L’ONG ajoute que dans des documents internes auxquels elle a eu accès, l’exécutif de l’UE reconnaît que « les acteurs de la sécurité bénéficiant de projets de l’UE peuvent agir à l’encontre des normes internationales en matière de droits de l’Homme ».

Chypre vise le poste de commissaire à la Méditerranée

Les révélations de Human Rights Watch interviennent alors que la présidente de la Commission européenne, Ursula von der Leyen, auditionne les candidats pour le prochain collège de commissaires, qui sera chargé de diriger le travail de l’exécutif de l’UE pour les cinq prochaines années.

Le candidat chypriote, Costas Kadis, a déclaré lundi aux médias du pays que le nouveau poste de commissaire européen pour la Méditerranée était « intéressant » pour son gouvernement.

Ce rôle consistera à superviser les accords de gestion des migrations conclus par l’Union européenne avec les pays du bassin méditerranéen et du nord de l’Afrique, y compris les accords existants avec l’Égypte, le Liban, la Mauritanie et la Tunisie pour freiner les flux de migrants.

Certains de ces accords ont été fortement critiqués par les défenseurs des droits de l’Homme pour avoir ignoré des violations avérées dans ces pays.

Une nouveau « pacte pour la Méditerranée »

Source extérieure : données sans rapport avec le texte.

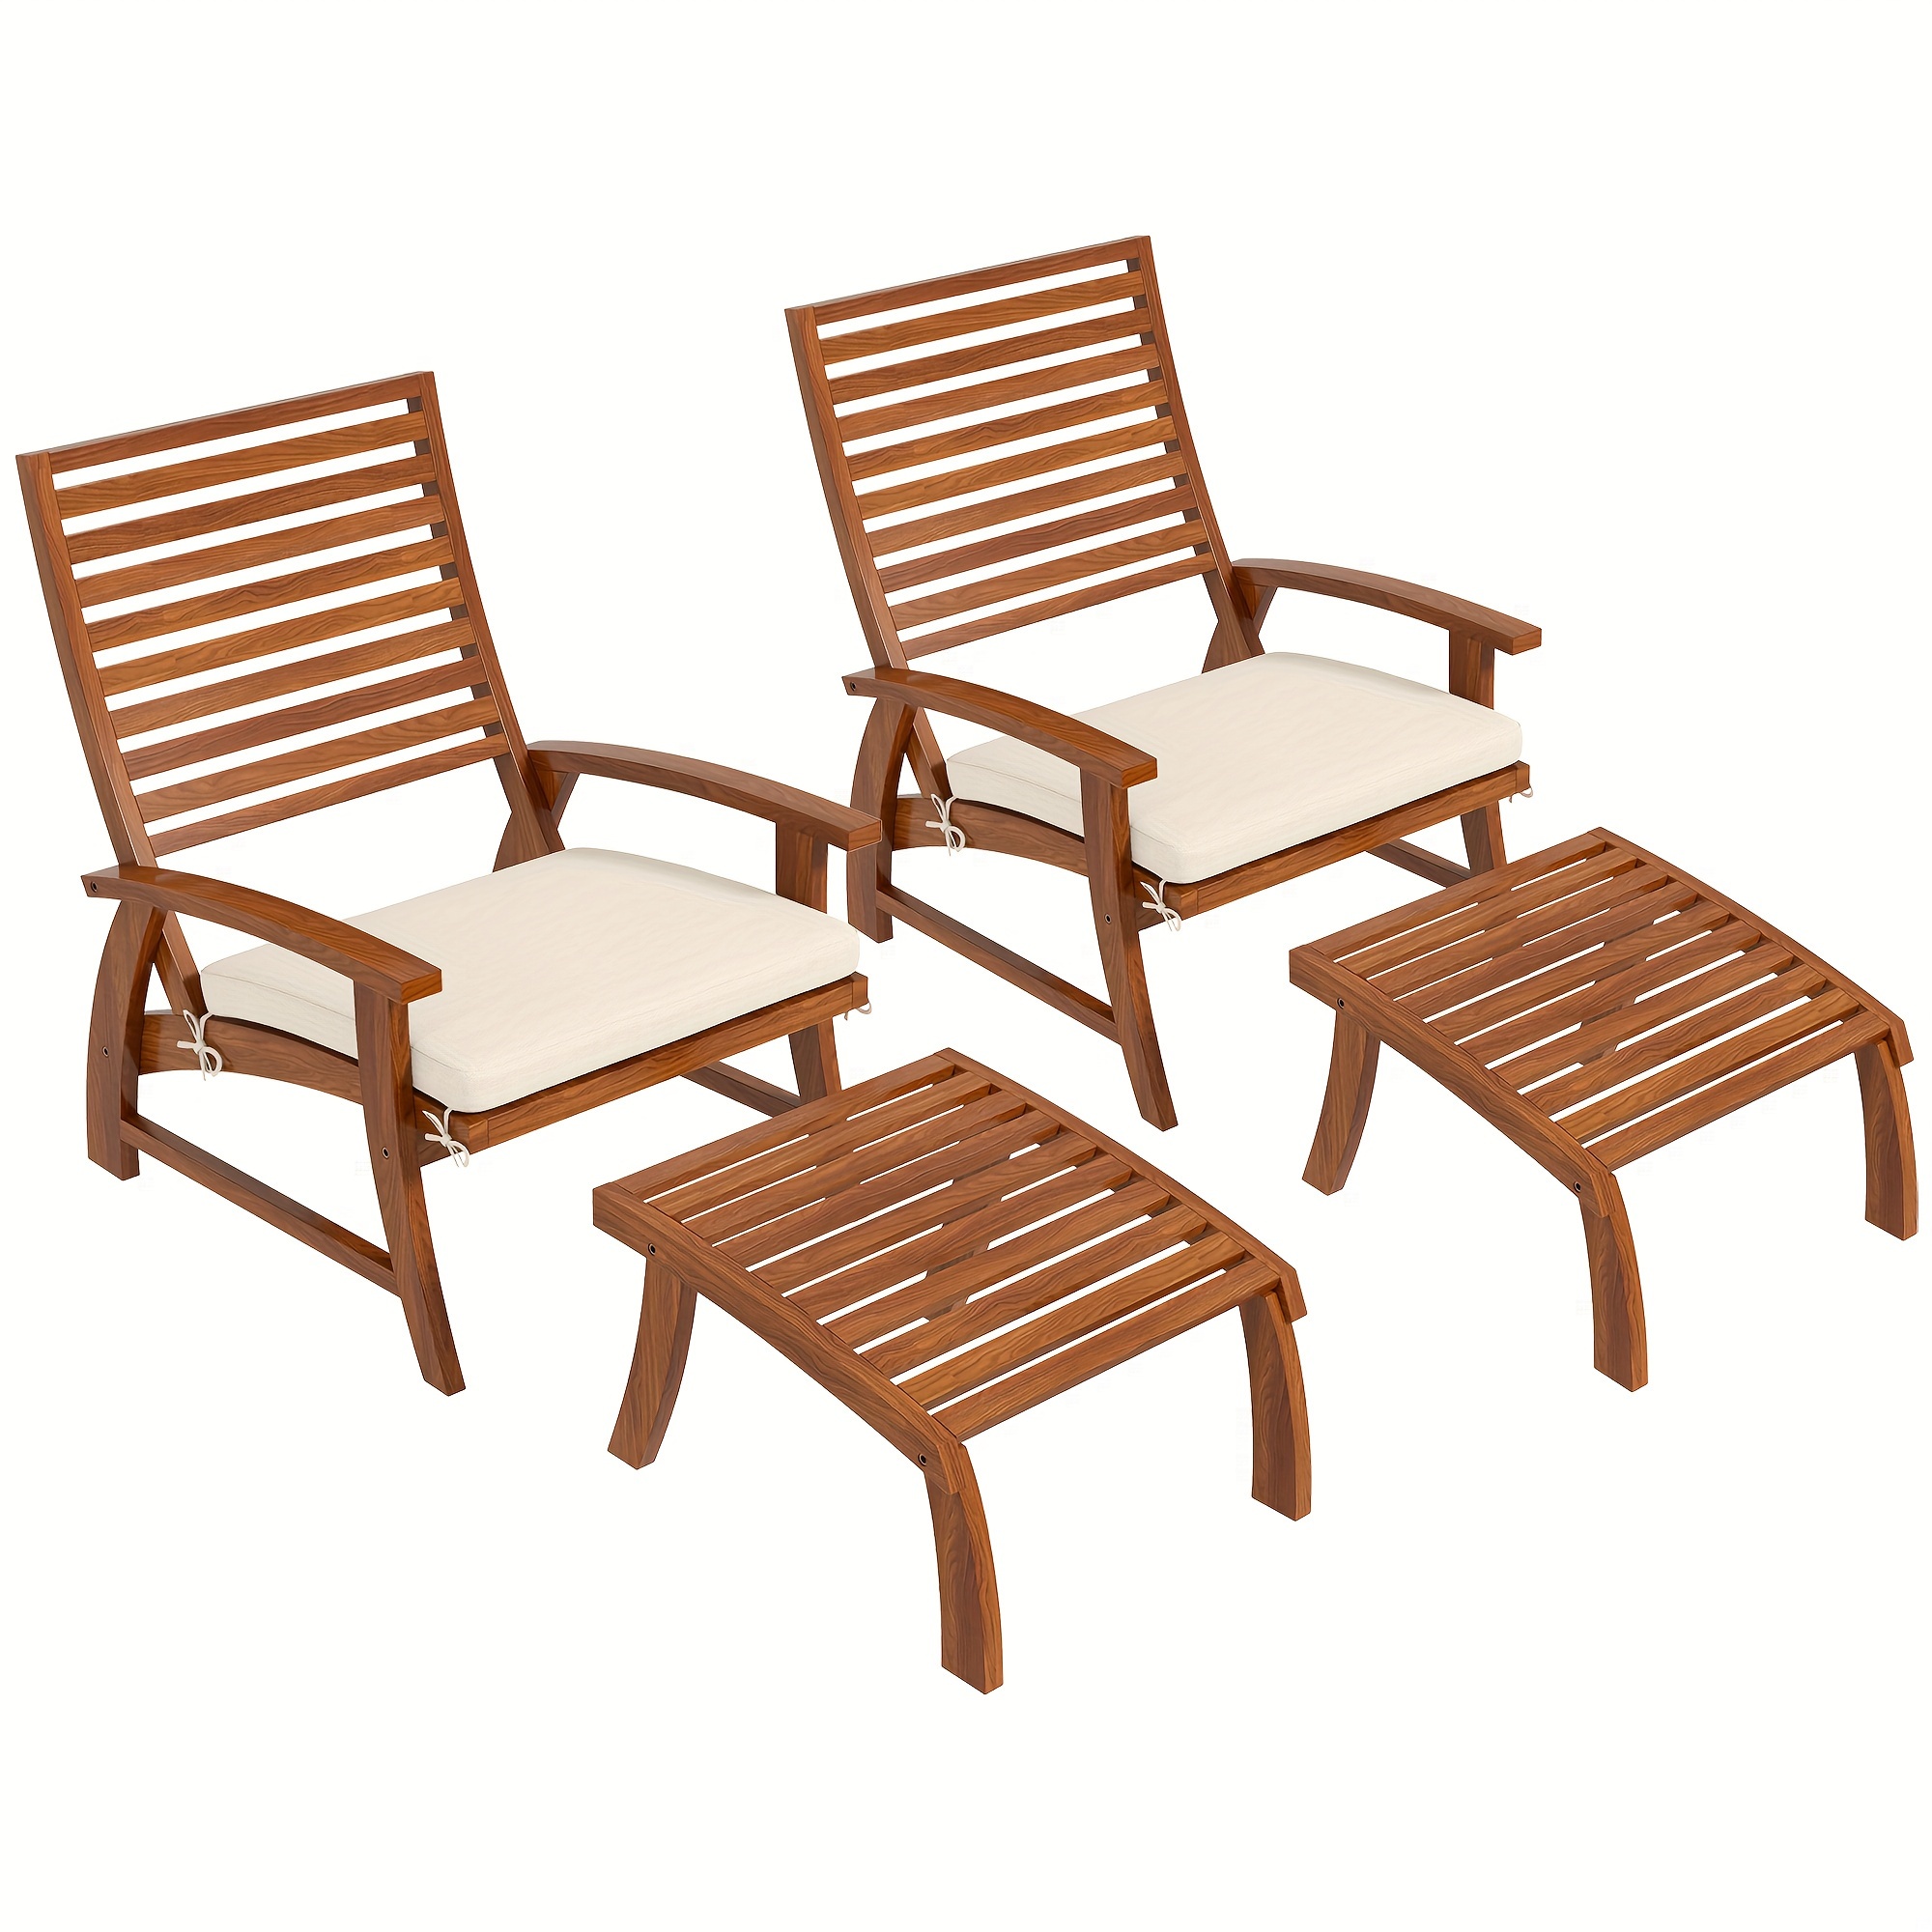 

Outsunny 4 Piece Patio Furniture Set, 2 Chairs With Cushions & Ottomans, Outdoor Chair Set For 2 With Footstools, Slatted Acacia Wood Seat & Backrest, Cream White

Dans ses priorités politiques pour le prochain mandat, Ursula von der Leyen s’est engagée à continuer à développer des « relations stratégiques » sur la migration et la sécurité avec les pays non membres de l’UE, ajoutant qu’un « nouveau pacte pour la Méditerranée » visera à approfondir ces partenariats.

À la suite de son rapport, Human Rights Watch s’interroge sur la pertinence de l’attribution du portefeuille de la Méditerranée à Chypre.

« Chypre se livre à des expulsions illégales. Elle est liée par les normes très puissantes de l’UE en matière de droits de l’Homme, qui sont ignorées », affirme Nadia Hardman.

« Tant qu’il n’y aura pas de responsabilité pour ces violations flagrantes du droit international, je ne pense pas qu’ils devraient obtenir un portefeuille où ils seront en charge de questions importantes telles que la migration », conclut-elle.